**Dataset section**

*** Block opens ***

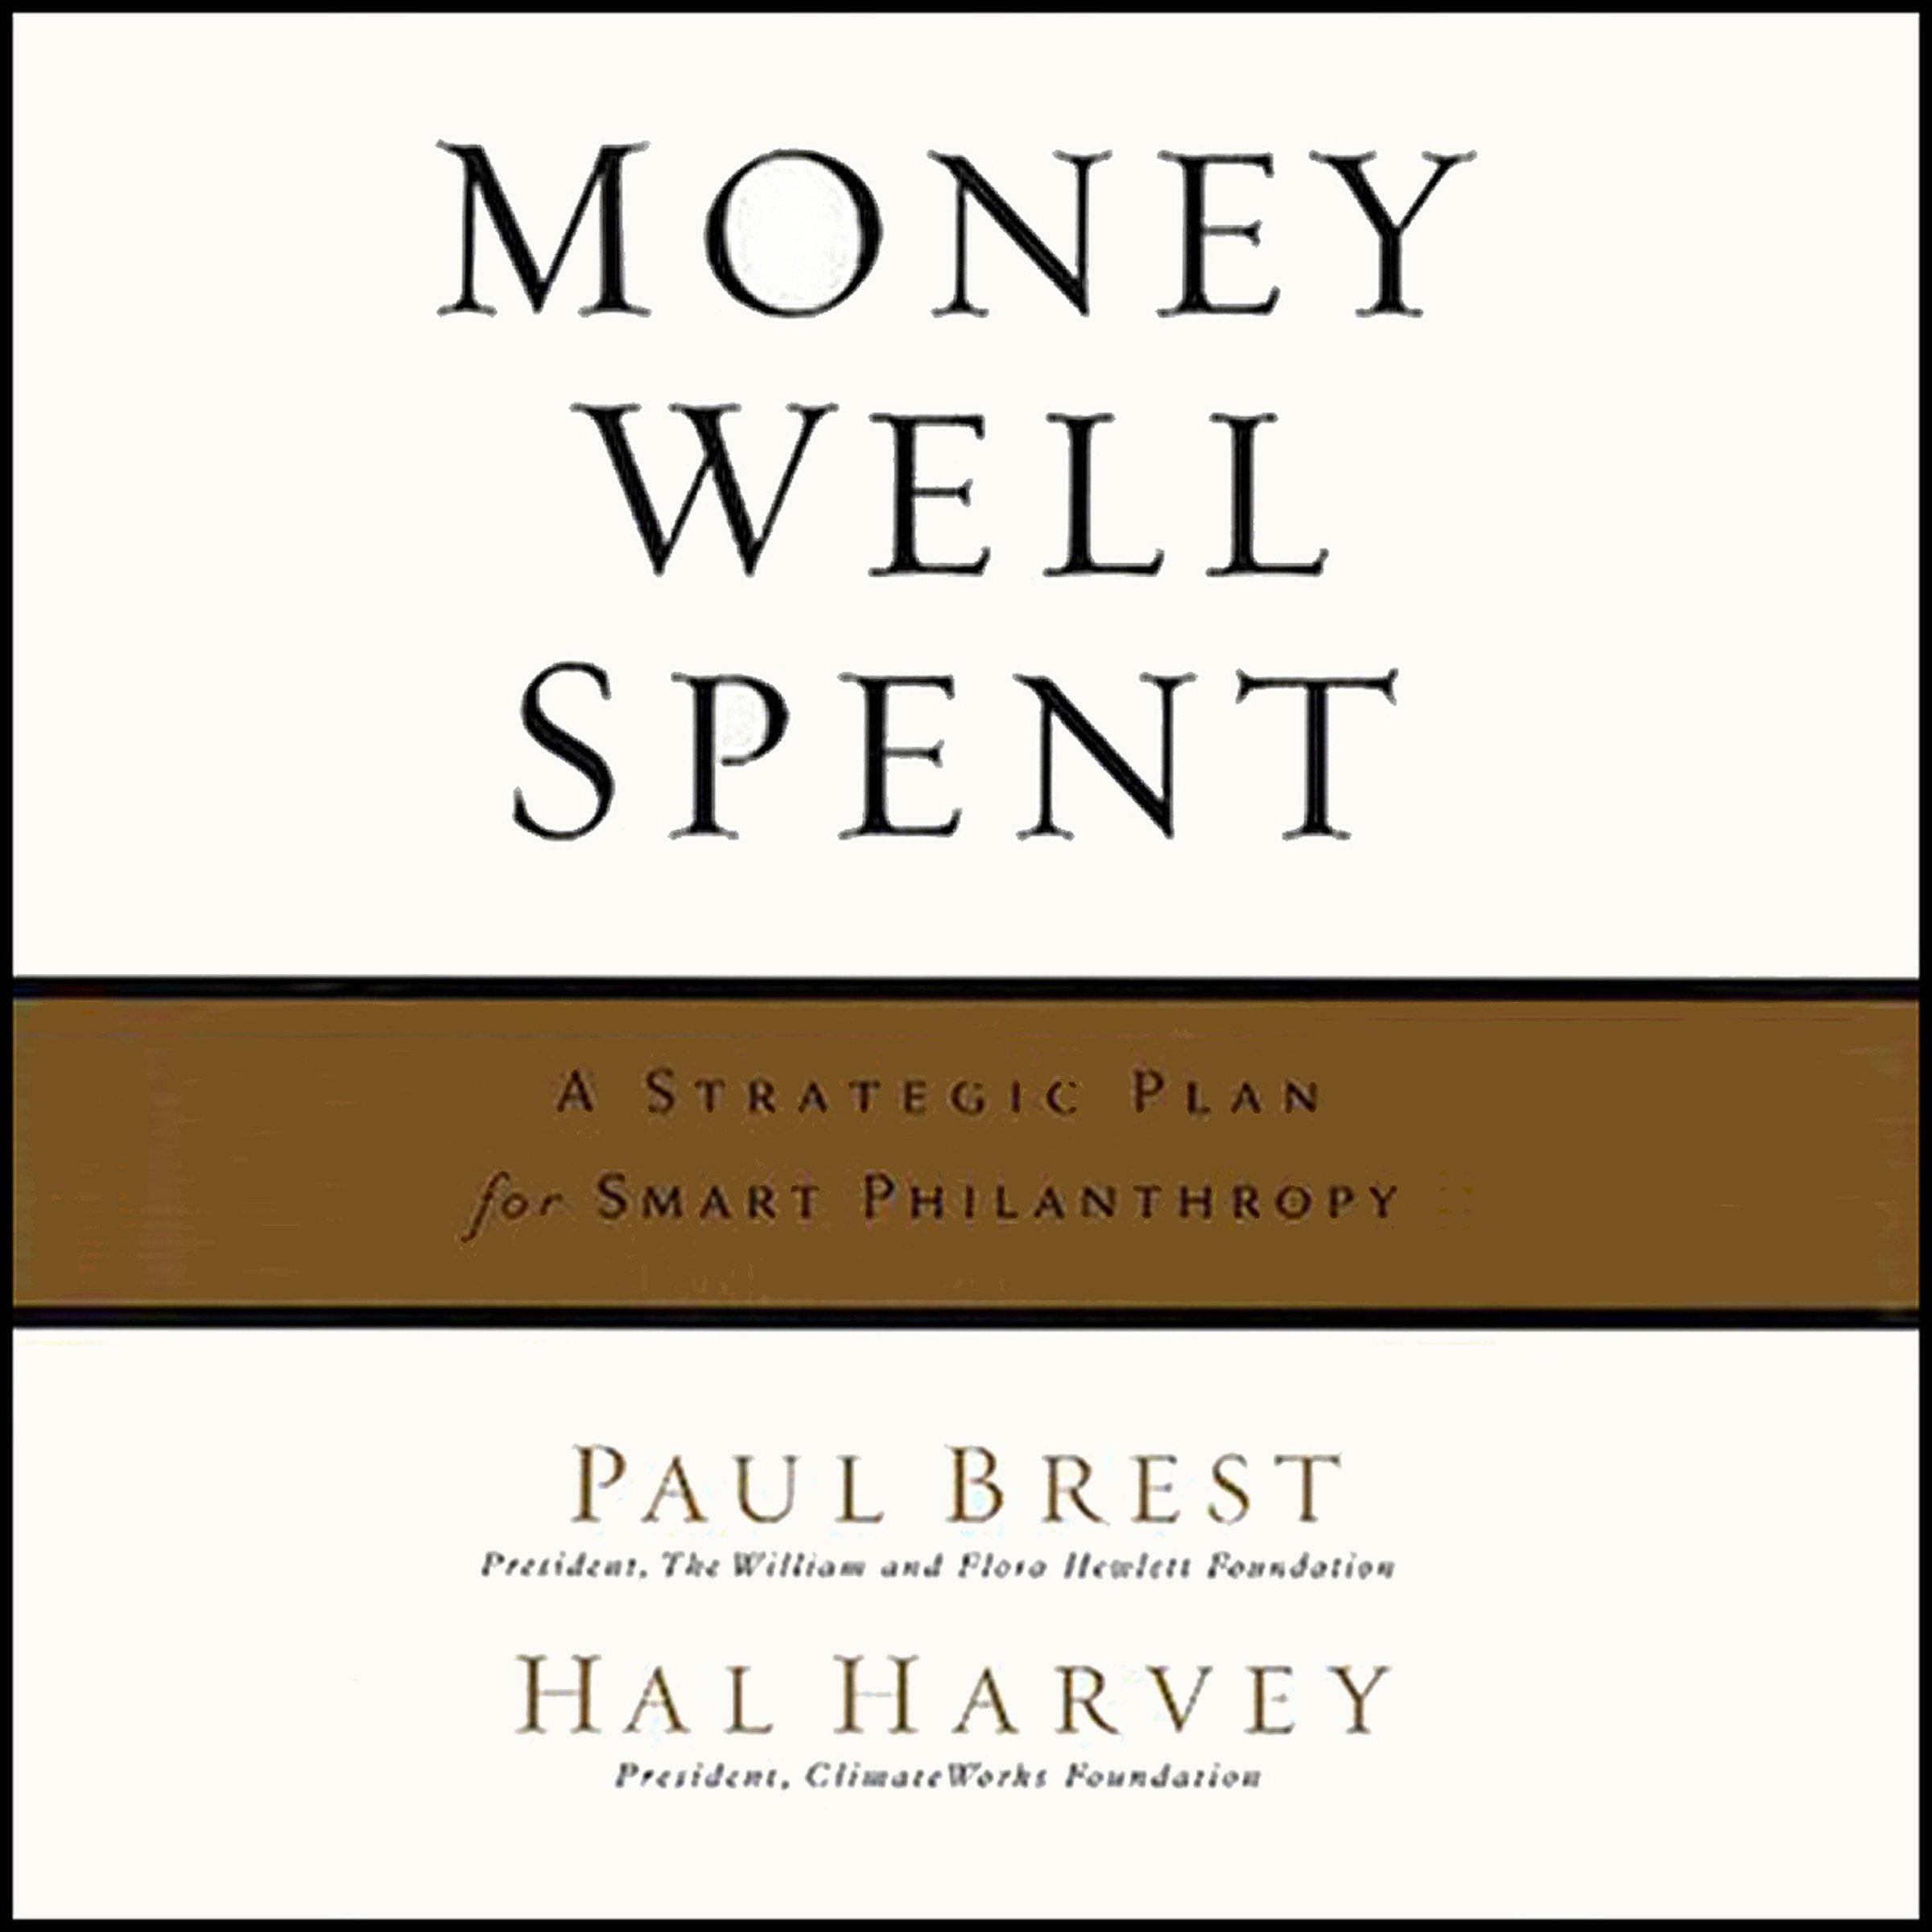 Money Well Spent : A Strategic Plan for Smart Philanthropy
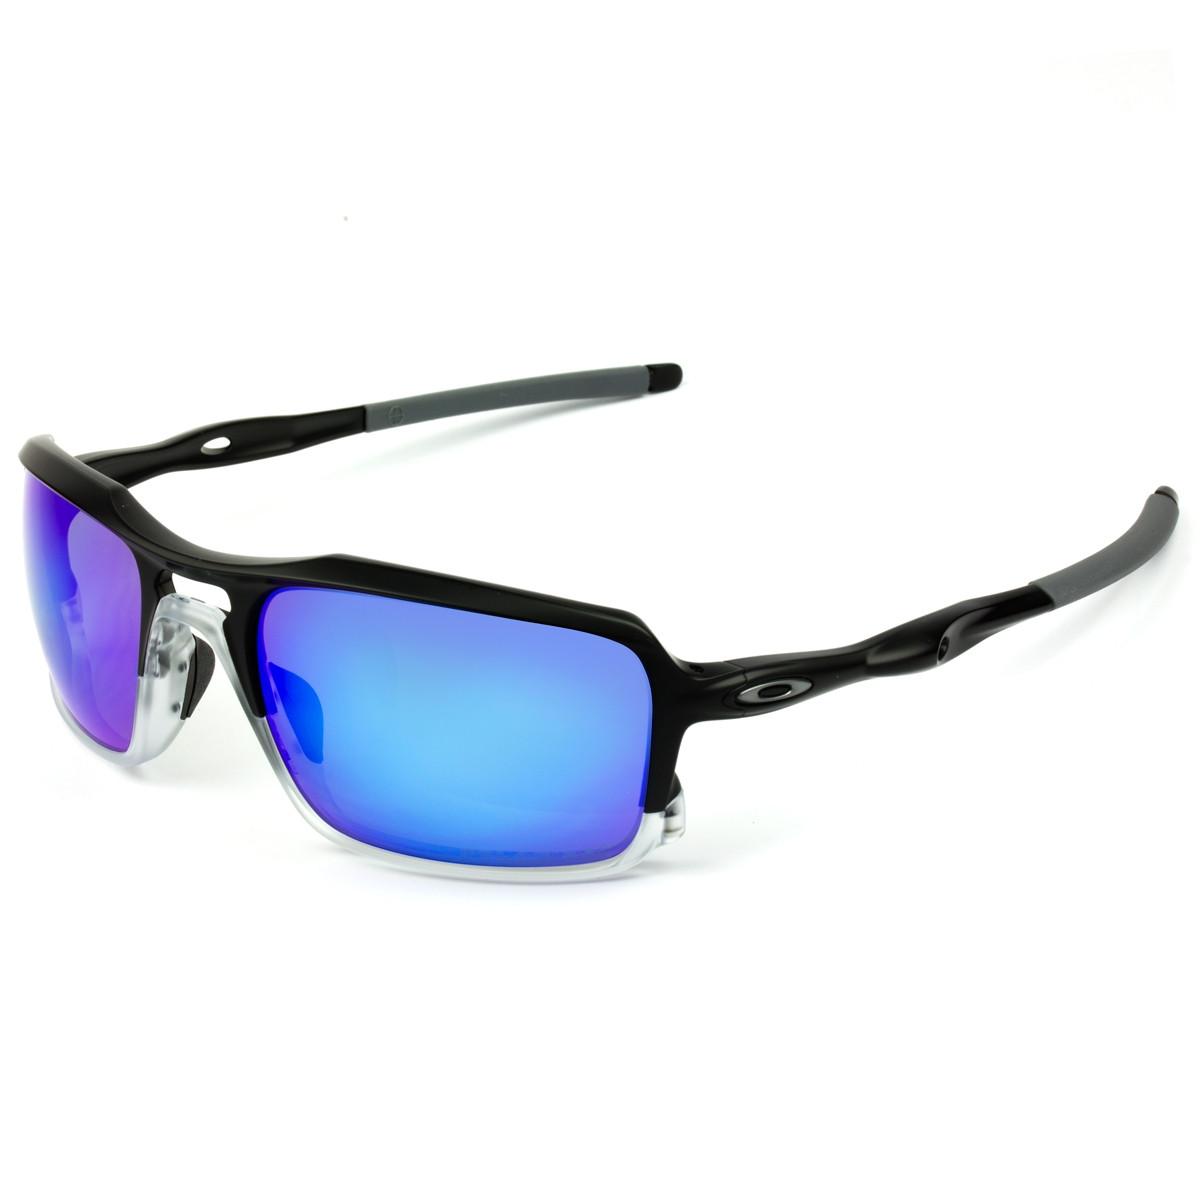 Óculos Oakley Triggerman Matte Black Lente Sapphire Iridium Polarizado 1369d8c6e1
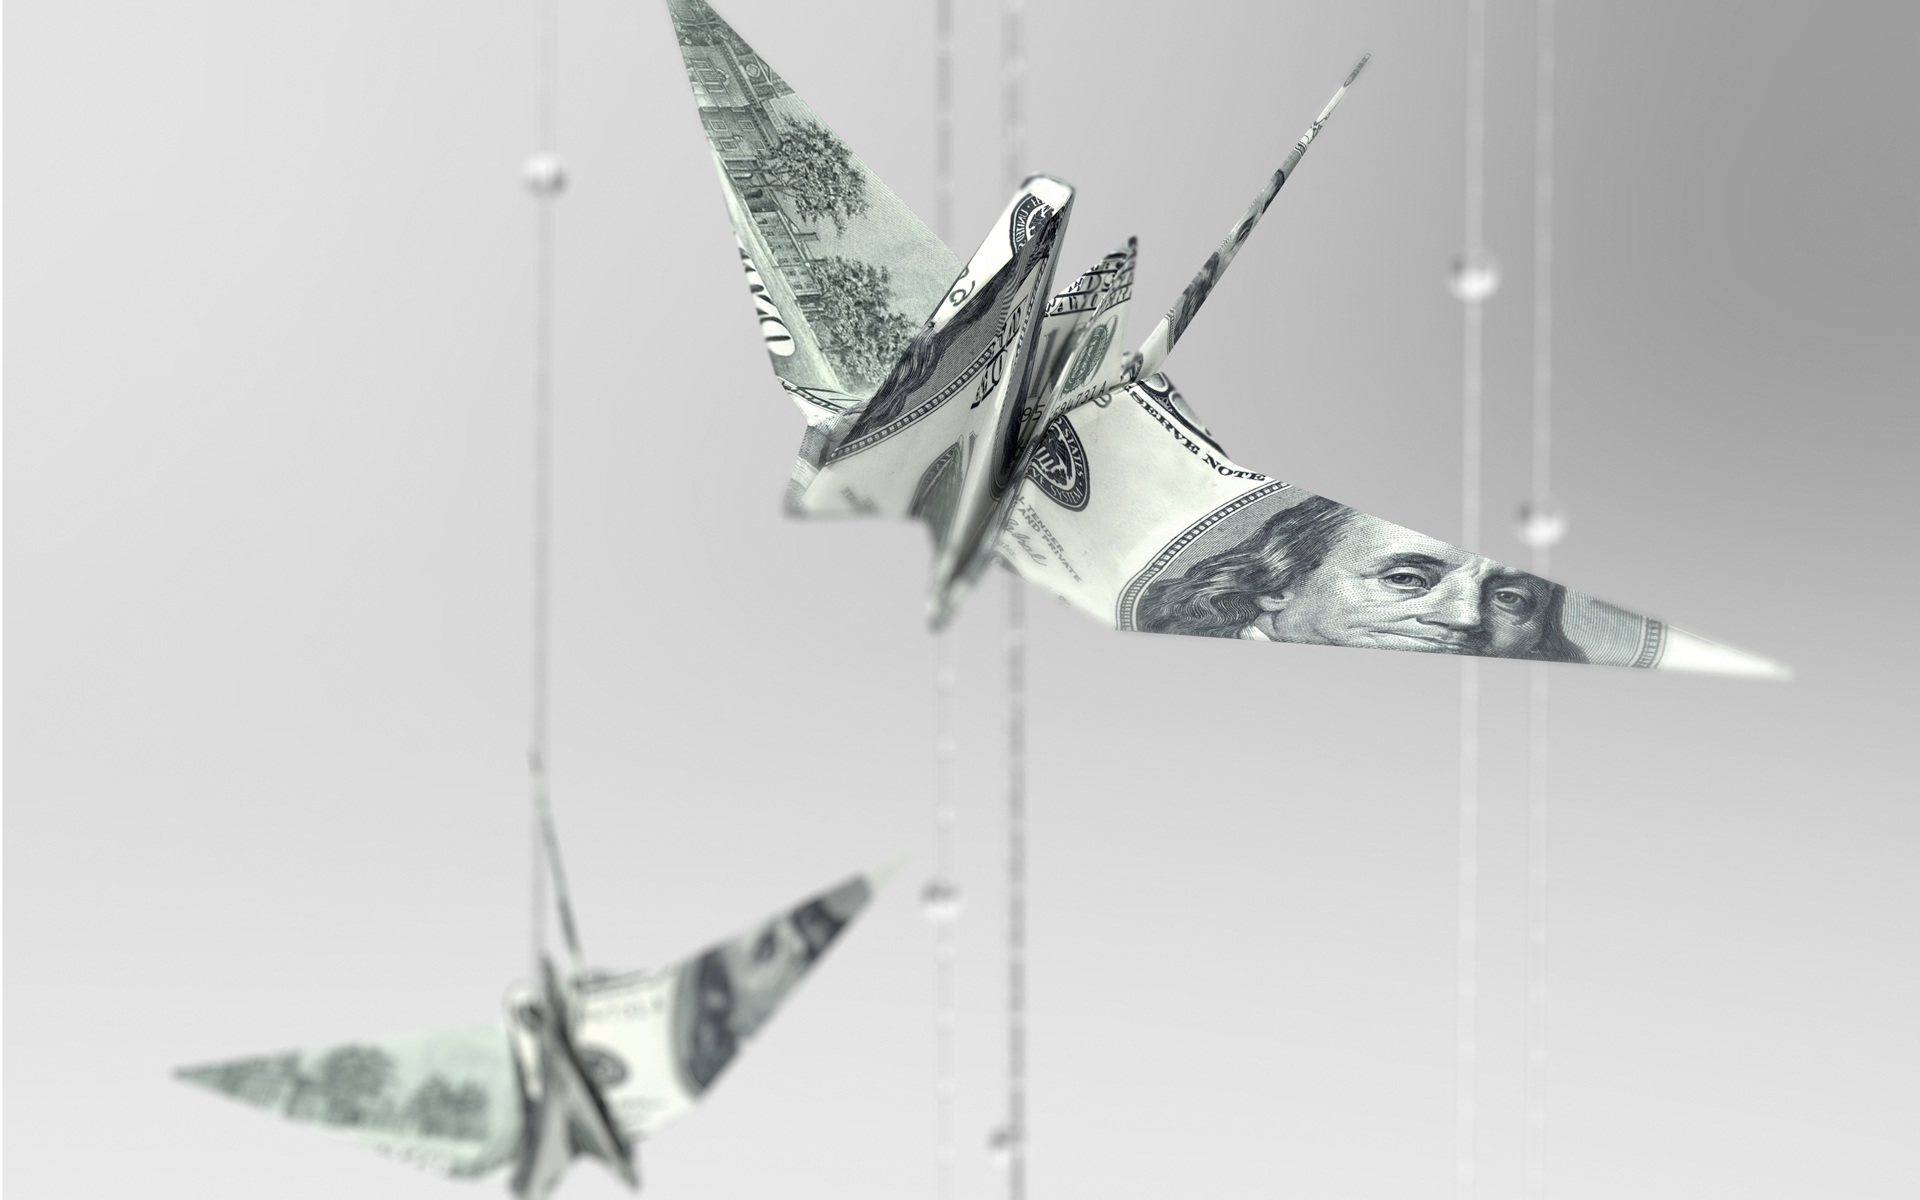 paper cranes made of money
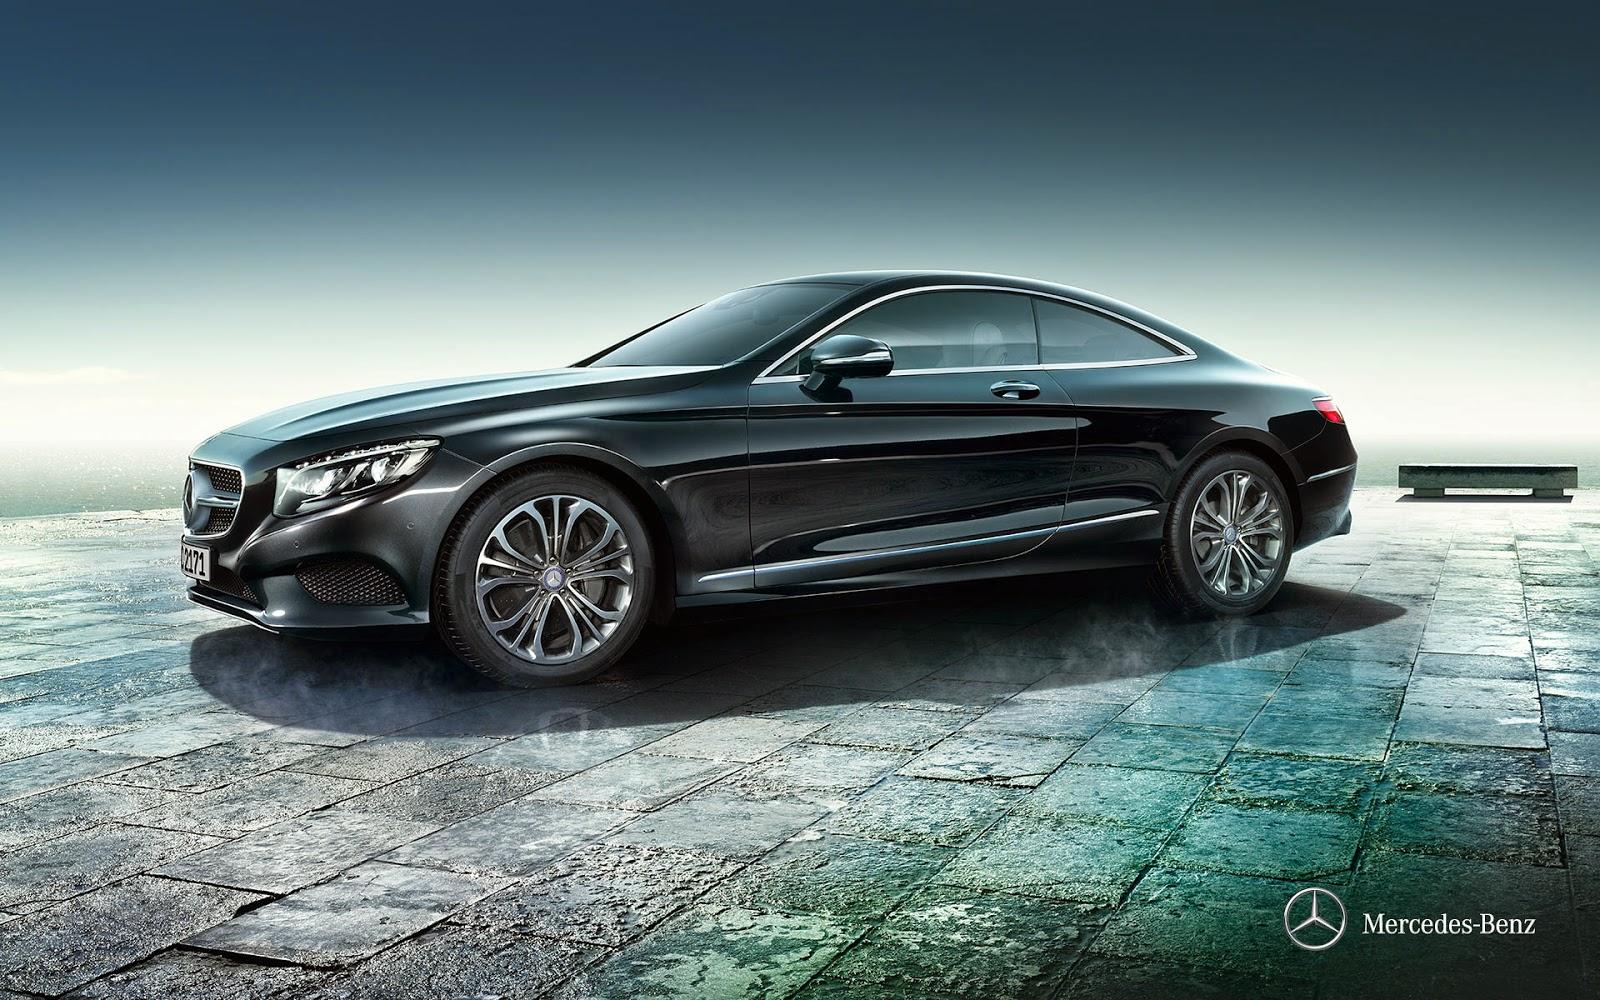 41+ Mercedes Benz HD Wallpapers on WallpaperSafari

*** Block closes ***

**Work order**
Could you return exactly the lines starting with the one that contains "paper cranes made of money" and ending with the last line of the data above? Leave the pictures out.

**Task response**
 paper cranes made of money
 41+ Mercedes Benz HD Wallpapers on WallpaperSafari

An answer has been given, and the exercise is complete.